The Swiss Bankers’ Association ended up coming round to these new standards. The automatic exchange of information, for a long time considered something for the distant future, will become reality in 2018.
“It’s the biggest reform of the past 80 years [banking secrecy was codified in Swiss law in 1934],” said Christophe Darbellay, president of the centre-right Christian Democratic Party and one of the main architects of Widmer-Schlumpf’s election and re-election to the cabinet.
Undefeated
Widmer-Schlumpf will also be remembered for being member of a cabinet that decided to phase out nuclear energy following the Fukushima disaster in 2011.
“She definitely contributed to getting a majority, but her role wasn’t as decisive as with banking secrecy,” Lutz said.
A believer in transparency and fiscal equity, Widmer-Schlumpf has not hesitated to brand as “unfair” the system of tax perks for rich foreigners which she nevertheless had to defend on behalf of the cabinet last year ahead of a people’s initiative.
In other dossiers, she resembled a more traditional Swiss finance minister. “She kept government debt at an extremely low level compared with other European countries and initiated economic measures at the heart of the administration, thus following traditional middle-class policies,” Lutz said.
Appreciated by the left for her attachment to institutions and by the centre-right for her budgetary policies and fiscal rigour, Widmer-Schlumpf has always enjoyed high levels of popularity among the public – People’s Party voters aside.

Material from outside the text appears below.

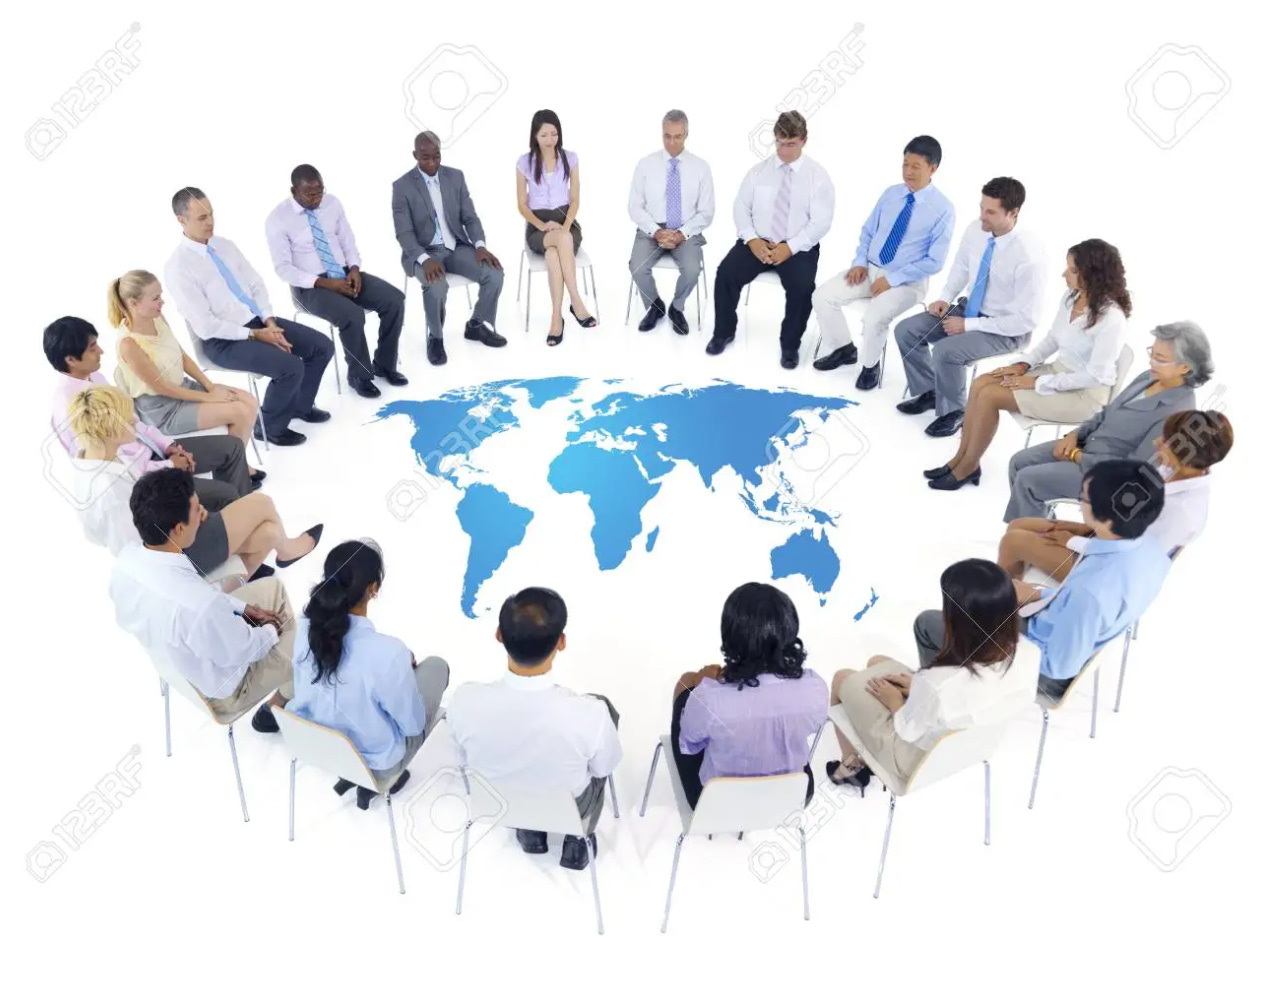 Stock photo of a diverse group of people sitting in a circle around a map of the world. Watermark visible: 123RF

As the newspaper Le Temps recently noted, her record at the ballot box is 11 wins out of 11.
Uncompromising
“Very pragmatic, solid on all levels, she has made very few mistakes. Her communication style, devoid of all emotion, has been greatly appreciated too,” said Georg Lutz.
At most, she can be accused of a lack of charisma. There are no unforgettable memories from her year in the rotating Swiss presidency in 2012, which was marked by dry and often highly technical speeches.

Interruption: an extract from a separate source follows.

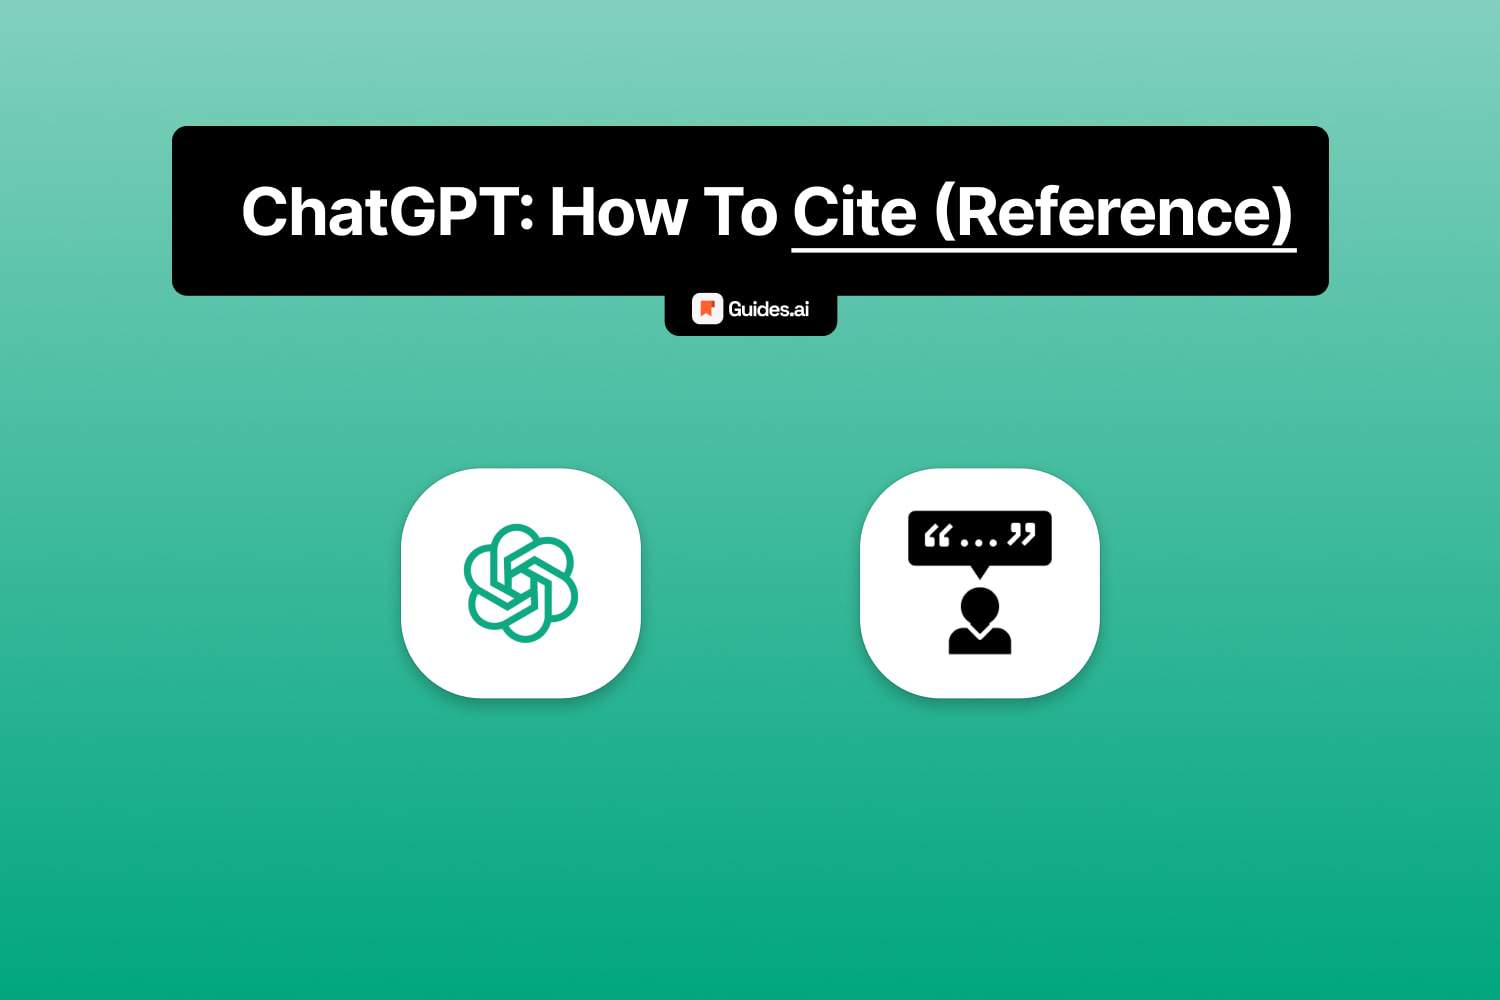 How to cite ChatGPT

However, what impressed observers was her work ethic and knowledge of her dossiers. That said, she could appear uncompromising – not to say cold – when she was sure she was right, according to the NZZ am Sonntag newspaper.
For example, when she arrived at the Department of Justice and Police, she didn’t waste any time clearing out the many staff who were loyal to her arch-enemy Christoph Blocher.
On a more personal level, Widmer-Schlumpf’s tenacity and resistance has often been attributed to her mountain origins. But family events have also shaped her life: the death of her sister in a car accident in 1983 and the serious heart problems of her youngest daughter as a baby undoubtedly influenced her political career.
“When something like that happens to you, you put everything else in perspective,” she told the magazine L’Illustré in 2013.
Eveline Widmer-Schlumpf was born on March 16, 1956, in Felsburg, canton Graubünden. She is married with three children and four grandchildren.
She received her degree in law at the University of Zurich in 1981 and a doctorate in 1990. She worked as a lawyer from 1987 to 1998.
She was elected to the district court of Trin in 1985, presiding from 1991 to 1997. As a member of the Swiss People’s Party, in 1998 she was elected to the cantonal government, acting as president in 2001 and 2005.
In 2007, she became the sixth woman to be elected to cabinet, taking office on January 1, 2008. The People’s Party pushed her out and she ended up, with her cabinet colleague Samuel Schmid, in the more moderate Conservative Democratic Party.